Perhaps it’s an odd thing to be reminded of John Ford’s masterpiece How Green Was My Valley when considering this story, but I see them as birds of a feather, no matter if the plight of Welsh coal miners couldn’t be further from the subject matter of Chu’s film. Both, to appropriate Flaubert, are sentimental educations, though In the Heights isn’t a bildungsroman in the traditional sense, given that Usnavi’s nearly 30 at the start of the movie. But both are elegiac tributes to places the main characters either know or believe that they will be leaving, cultures and times and places that they know they’ll never be able to return to, even if they wanted to. Both characters lose someone dear to them and find themselves fully unmoored from the place that they consider a home in their absence. Chu, ultimately, concedes and refuses to let his film end on a massive downer, unlike Ford, whose tenderly crafted ode to the kind of innocence whose absence is only felt when it’s lost and doesn’t care if it’ll ruin your afternoon in the process.
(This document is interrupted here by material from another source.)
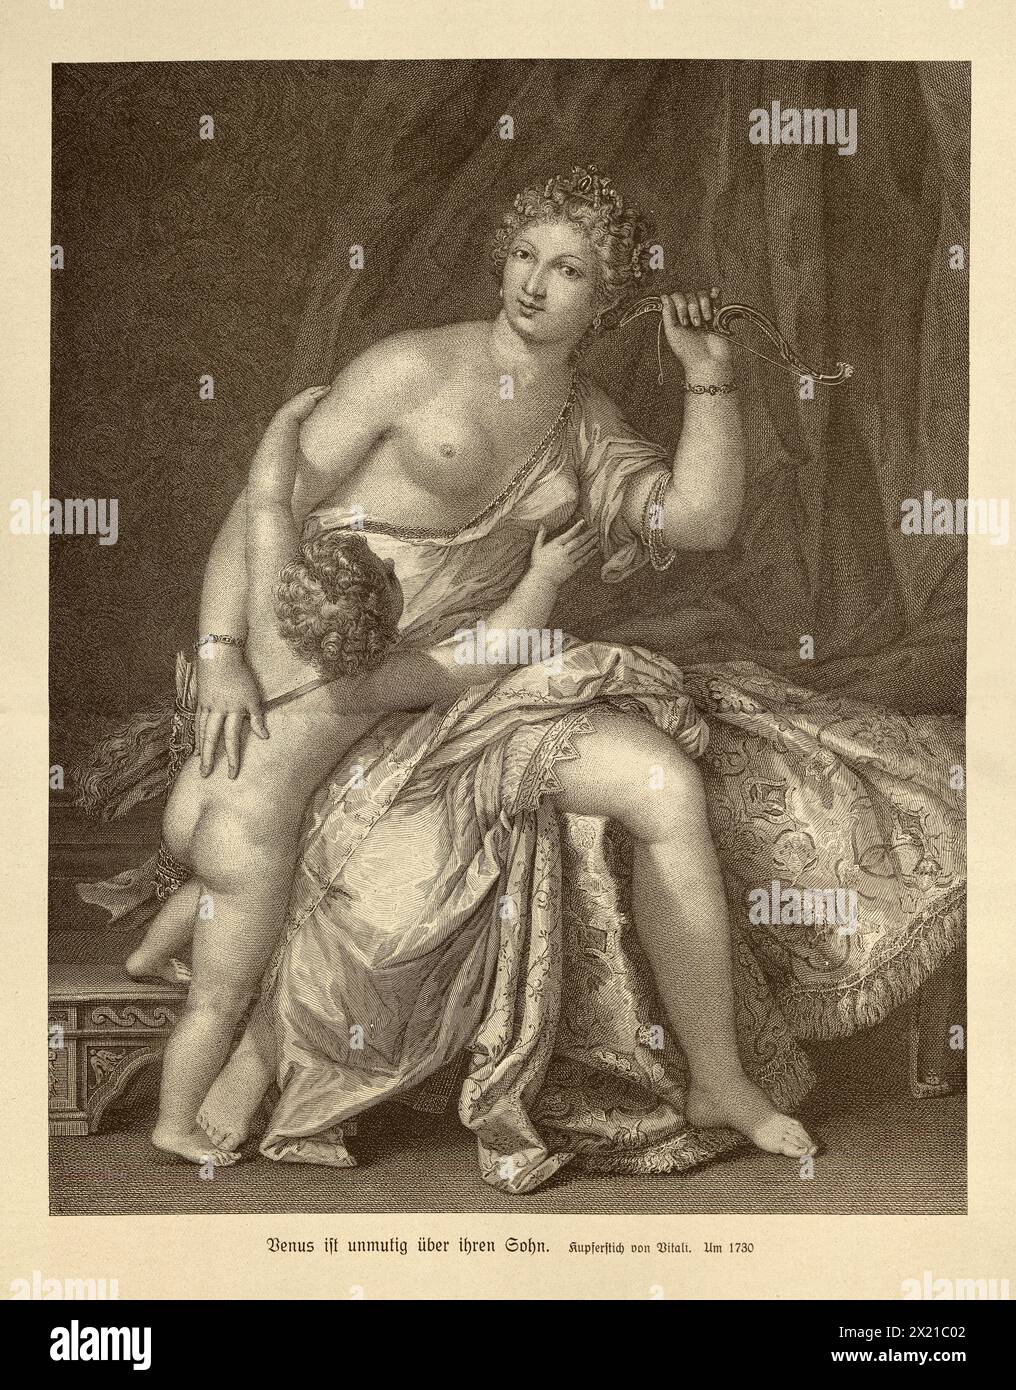 Vénus désarmant Cupidon, Déesse assise sur un lit tenant un arc aloft, et Cupid essayant d'atteindre l'arme, gravure du 18th siècle Banque D'Images

Yet it should be acknowledged their endings have different goals, with the characters in Ford’s film finding alienation and tragedy in their community, and Chu’s finding salvation in theirs instead, but the point remains: there’s a mournful melancholy underwriting each scene of joy, the sensation of sand dripping out of an hourglass containing the memories you treasure the most.
In a way, In the Heights is a celebration of the fact that those memories can be made at all with friends and the community in the place that you call home; that a place like Washington Heights can exist for each of us no matter which zip code we live in. And after a year and a half of feeling its absence, which was experienced by some in large ways and others in very small, given how inequitably our current situation treated people of different wealth and social strata, it is genuinely nice to be reminded of unabashed small joys. A conversation between friends at a bodega, a day at the pool, a hot night in a bouncing club, playing games with your loved ones, falling in love: These are the things you’ll mourn the most later on when the time has come and your life has changed, the ephemera of community lingering in the air like cold air, full of condensation, emanating from an open freezer door. How hot was your block.